What to do: None of the pictures should be copied, though every line of the listing must be printed exactly.

Data segment:
=-=-=-=-=
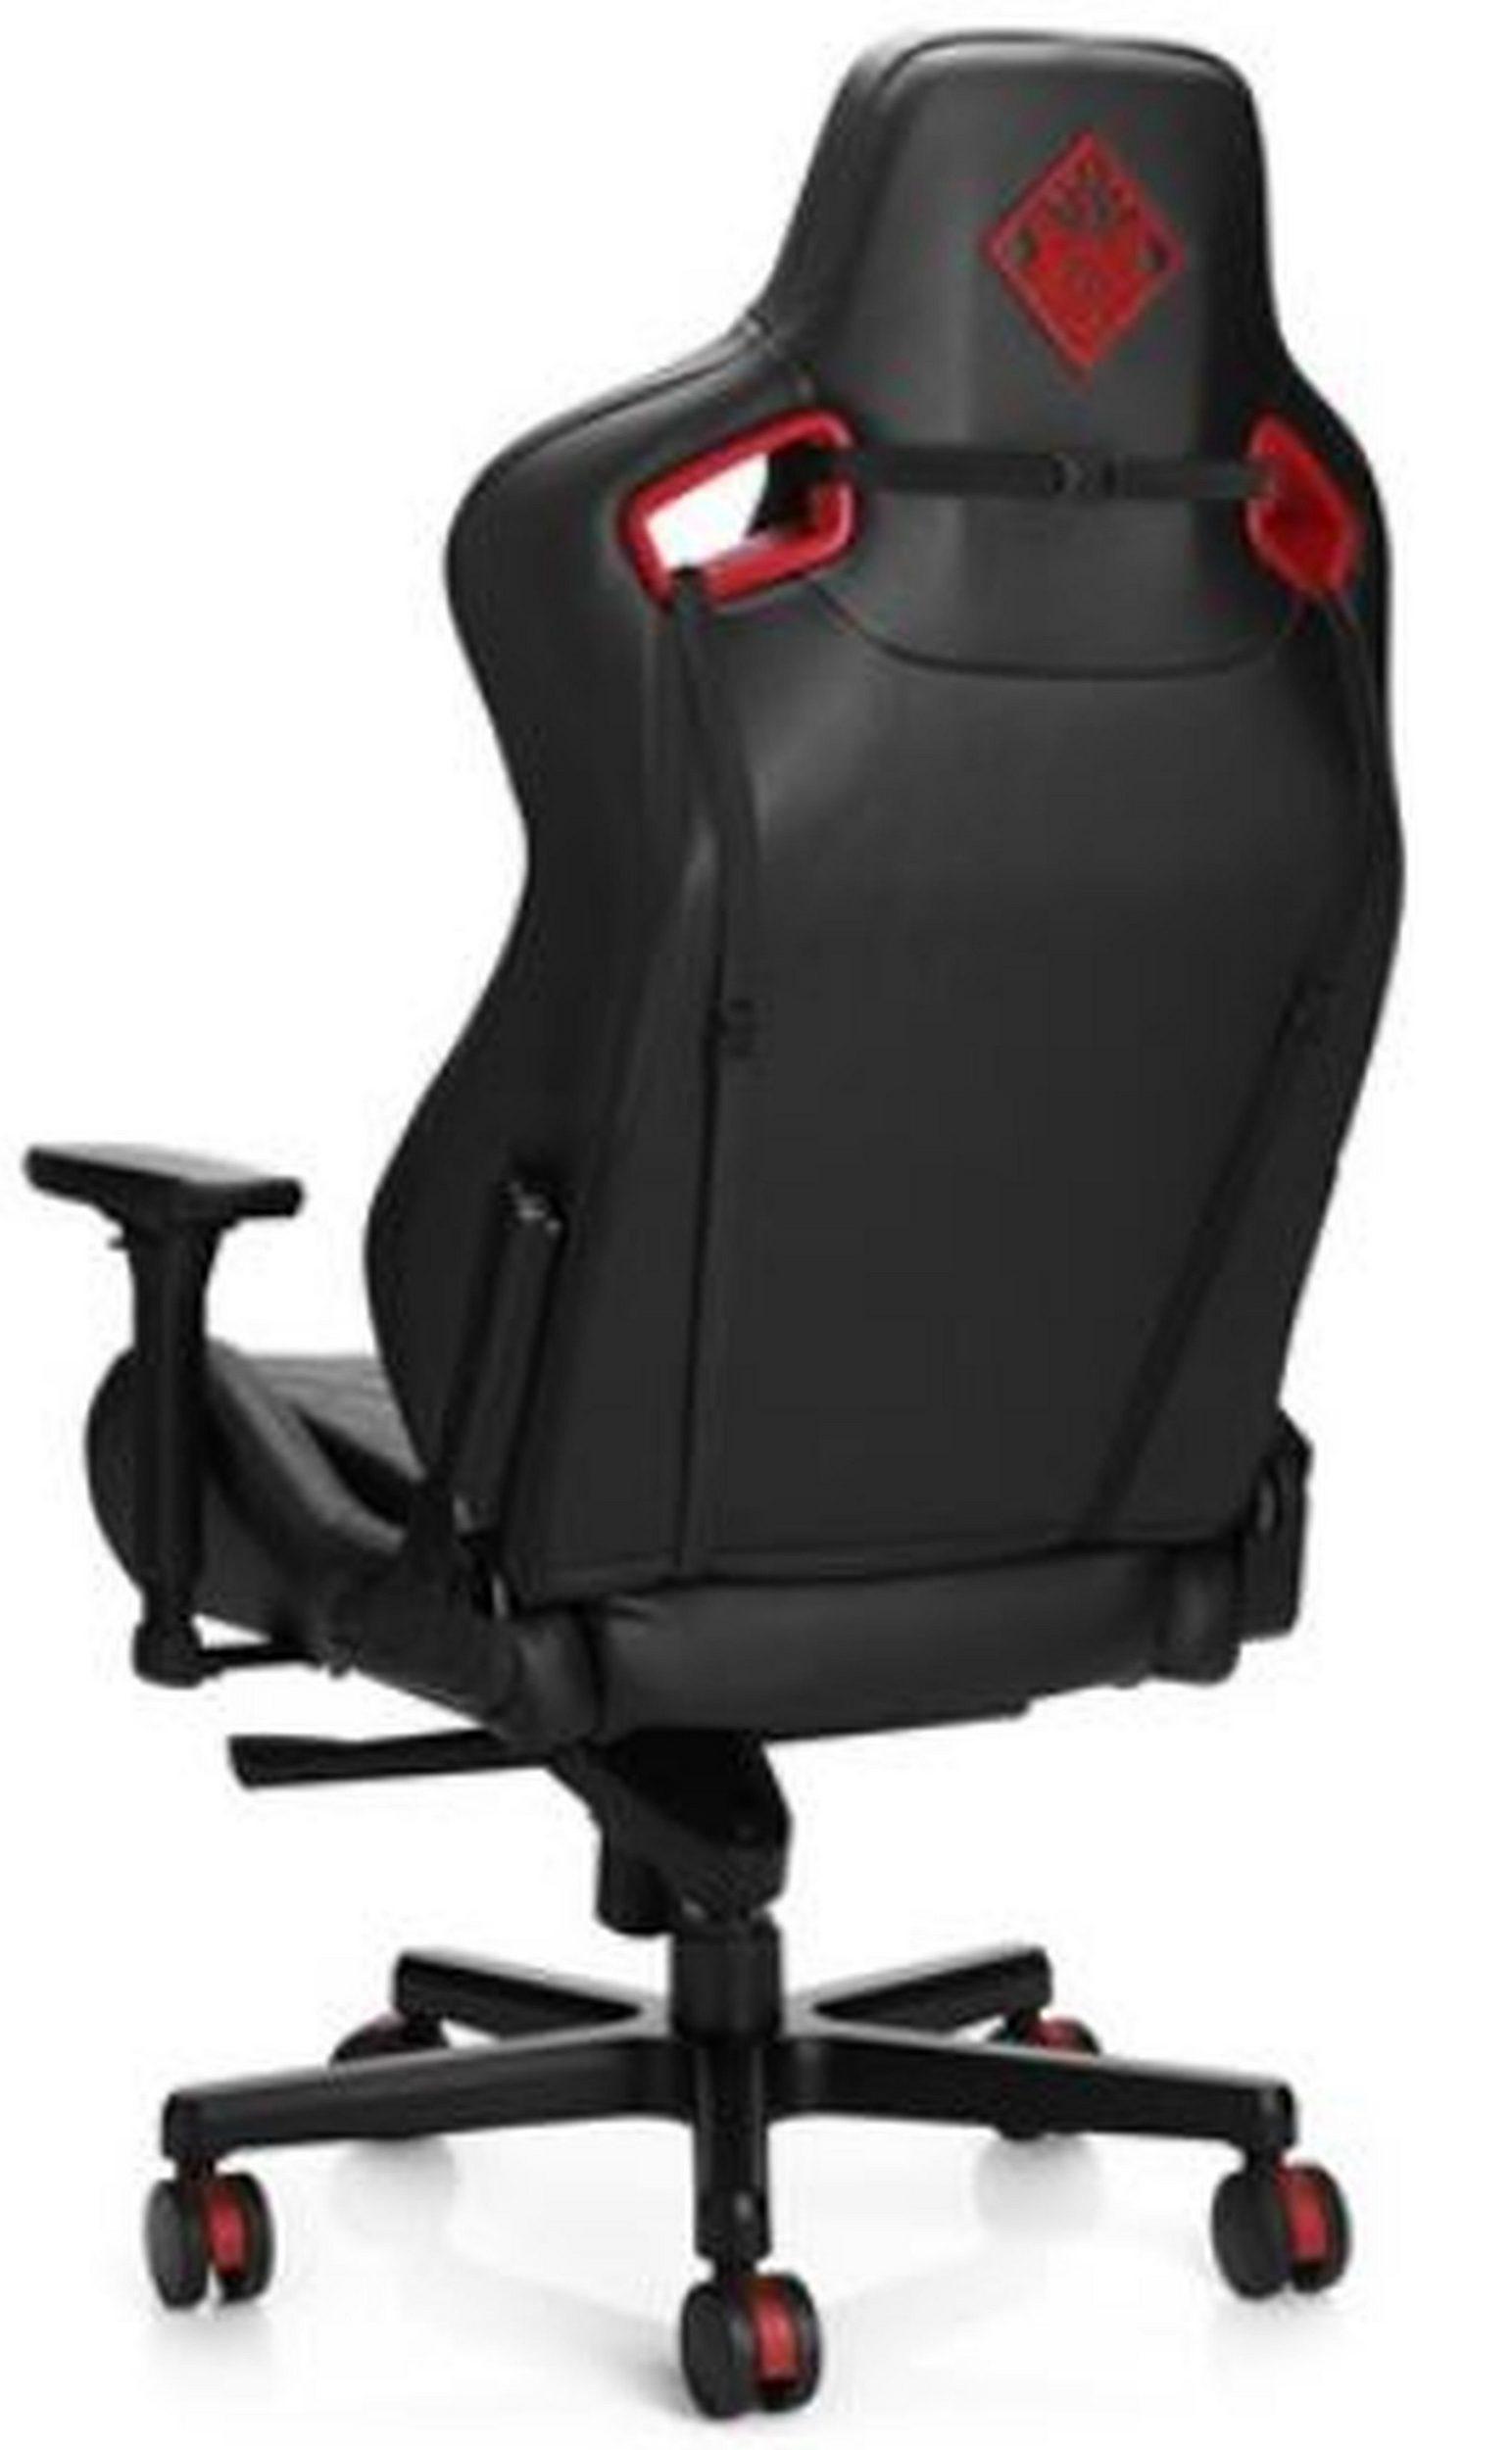 GAMING-Stuhl CITADEL von OMEN - Rückansicht
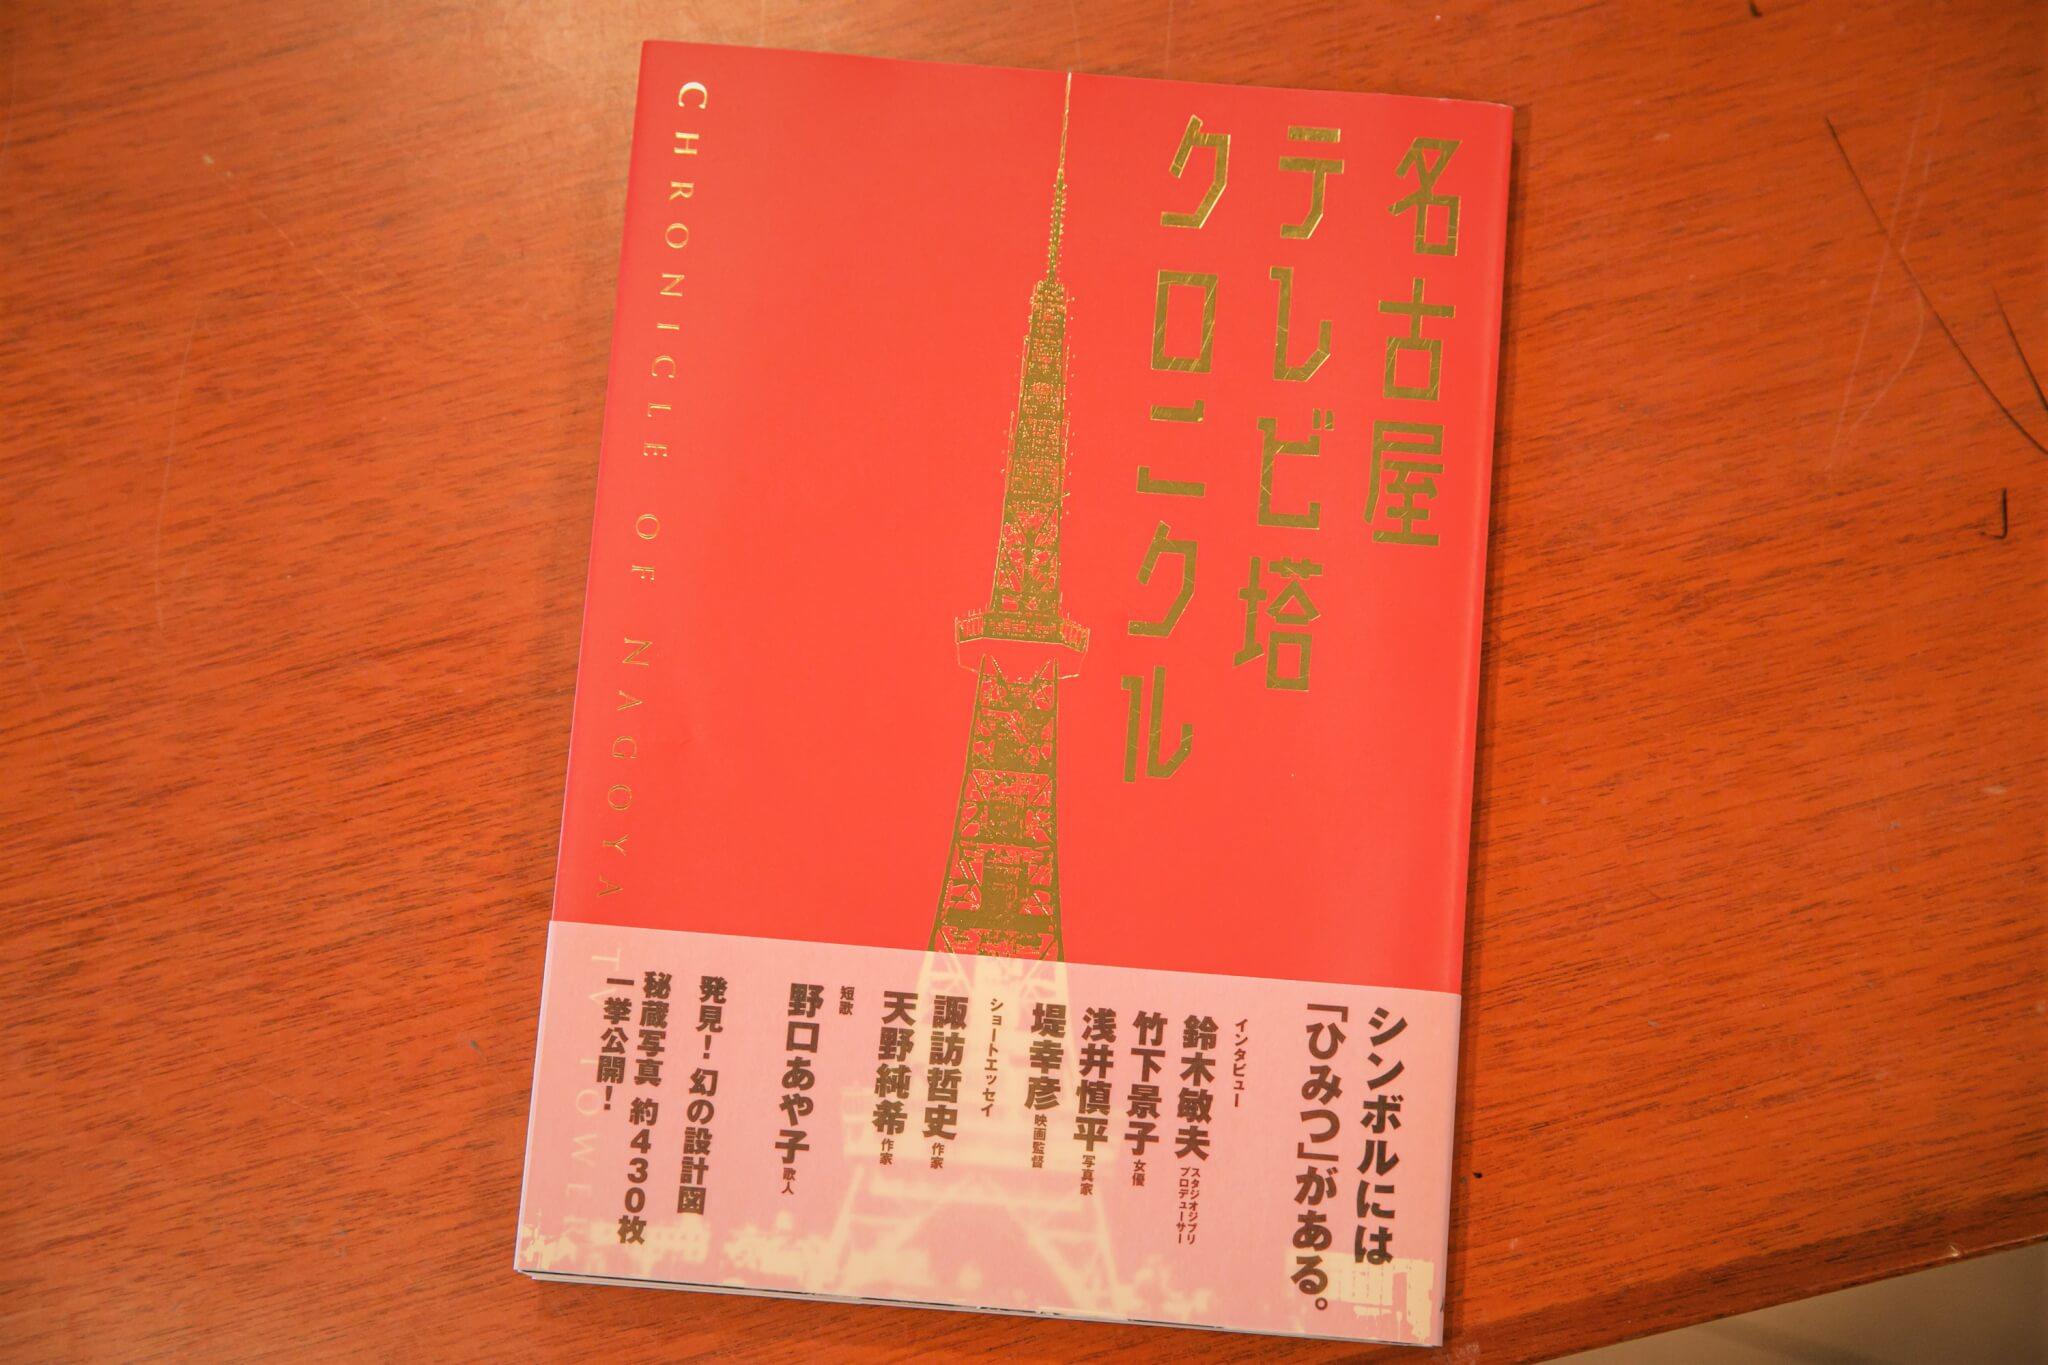 名古屋テレビ塔クロニクル
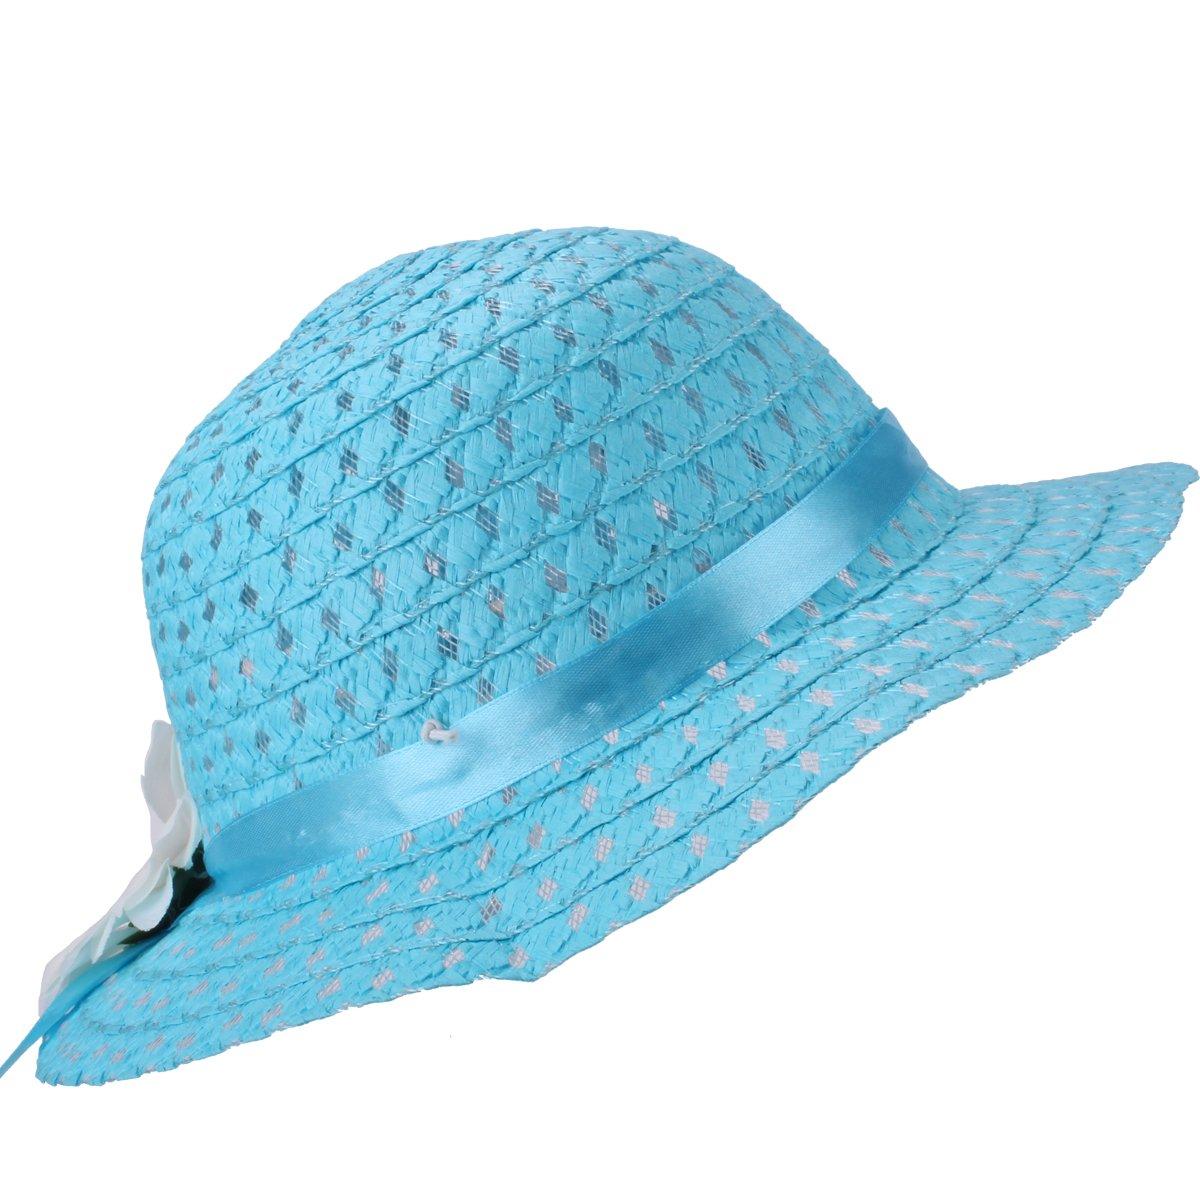 YOPINDO B/éb/é Paille Chapeau d/ét/é Filles Chapeau Sac /à Main Plage Plage Disquette Chapeaux Enfants Chapeau de Soleil avec Sac
=-=-=-=-=
Solution for this task:
 GAMING-Stuhl CITADEL von OMEN - Rückansicht
 名古屋テレビ塔クロニクル
 YOPINDO B/éb/é Paille Chapeau d/ét/é Filles Chapeau Sac /à Main Plage Plage Disquette Chapeaux Enfants Chapeau de Soleil avec Sac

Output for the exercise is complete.